The C++ API uses a common pattern: pass the current Type by reference, and the method updates it based on what condition triggered. This allows returning both a boolean (did we stop?) and the reason (which condition?).

The Naive Binding

The straightforward binding mirrors the C++ signature:

py::enum_<EndCriteria::Type>(pyEndCriteria, "Type")
    .value("None_", EndCriteria::Type::None)
    .value("MaxIterations", EndCriteria::Type::MaxIterations)
    .value("StationaryPoint", EndCriteria::Type::StationaryPoint)
    // ... all enum values
    .value("Unknown", EndCriteria::Type::Unknown);

pyEndCriteria
    .def("checkStationaryPoint",
        &EndCriteria::checkStationaryPoint,
        py::arg("xOld"), py::arg("xNew"),
        py::arg("statState"), py::arg("ecType"),
        "Checks for stationary point. Returns bool.");

This compiles cleanly. Initial tests pass.
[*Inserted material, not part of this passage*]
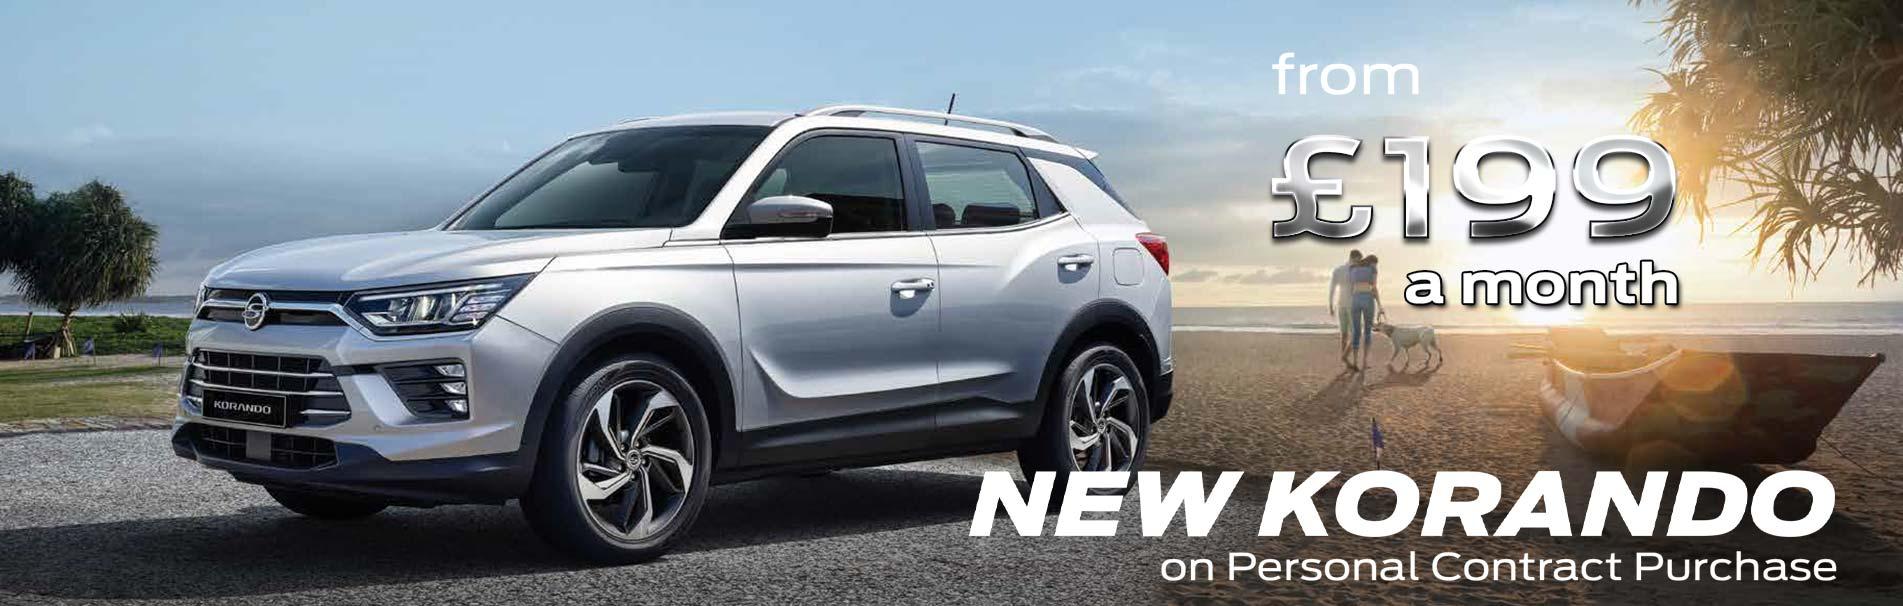 new-ssangyong-korando-pcp-price-199-a-month-sli-0006

Ship it, right?

The Mysterious Failure

After running the full test suite:

tests/test_methods.py::test_endcriteria_static_succeeded FAILED

def test_endcriteria_static_succeeded():
    assert not ql.EndCriteria.succeeded(ql.EndCriteria.Type.Unknown)
E   AssertionError: assert not True
E    +  where <Type.StationaryPoint: 2> = <class 'pyquantlib.EndCriteria.Type'>.Unknown

The error message contains a critical clue that is easy to miss: ql.EndCriteria.Type.Unknown is displaying as <Type.StationaryPoint: 2>.
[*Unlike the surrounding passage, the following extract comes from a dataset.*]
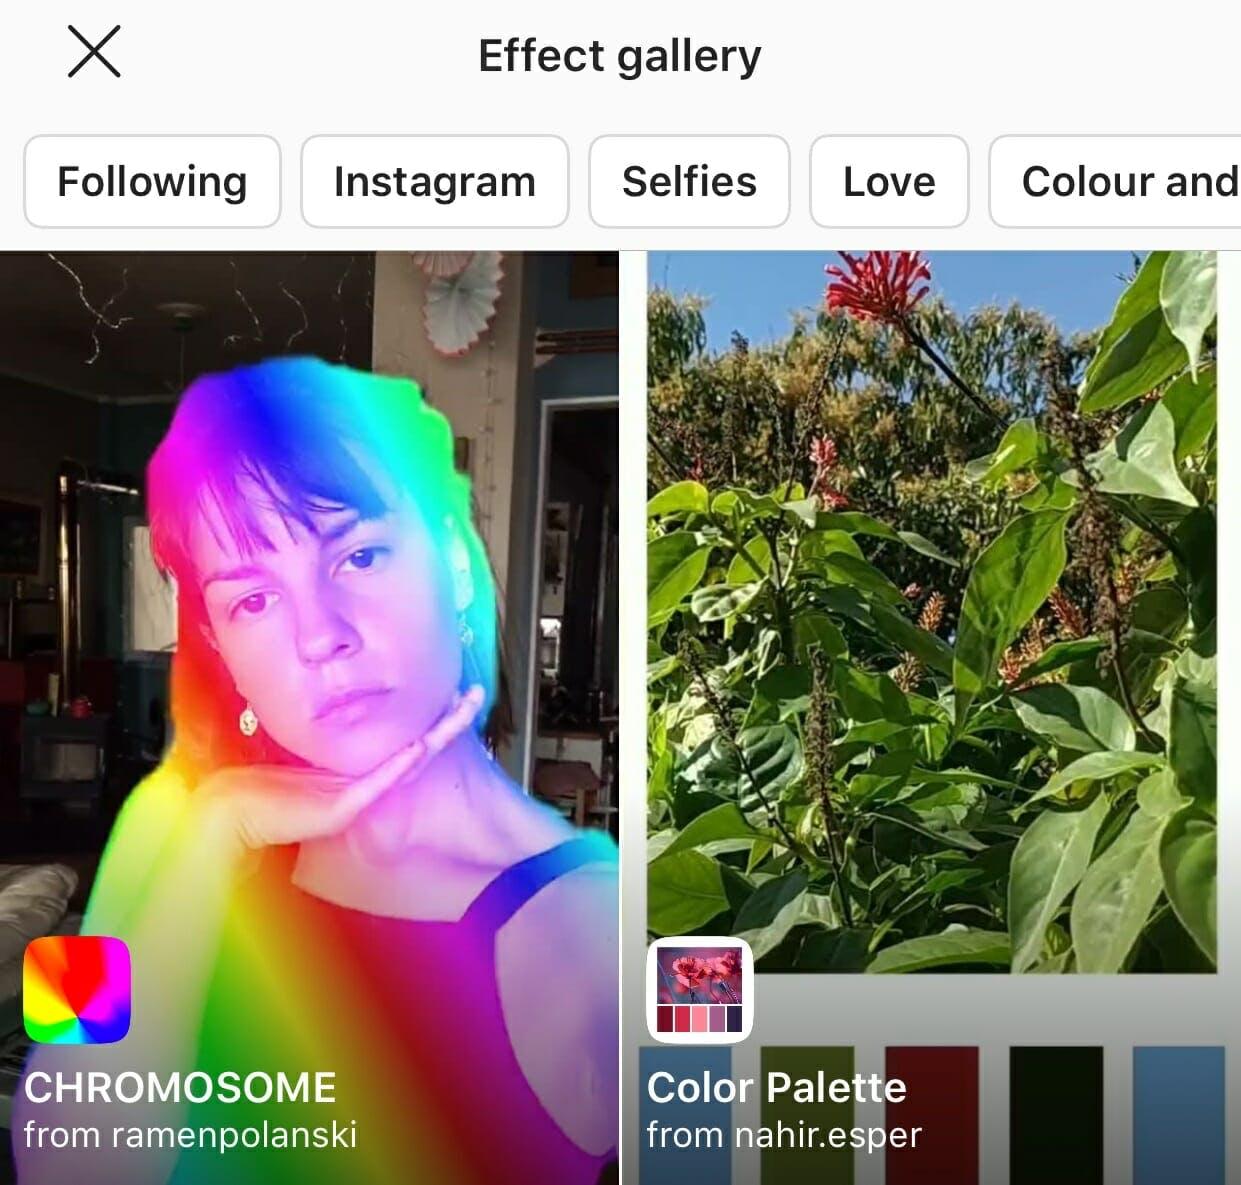 instagram effects gallery

Unknown should be value 7. But it’s showing as StationaryPoint (value 2). The enum singleton has been silently mutated.

The Wrong Diagnosis

The first suspicion: maybe the enum values are wrong. Perhaps a missing enum value is causing integer assignments to shift. The binding had omitted FunctionEpsilonTooSmall (value 6), so maybe Unknown was being assigned 6 instead of 7?

Adding FunctionEpsilonTooSmall back to the binding, rebuilding, running tests: same failure.

The Stale Build Theory

Next theory: stale compiled code. Maybe the binding is caching an old definition somewhere.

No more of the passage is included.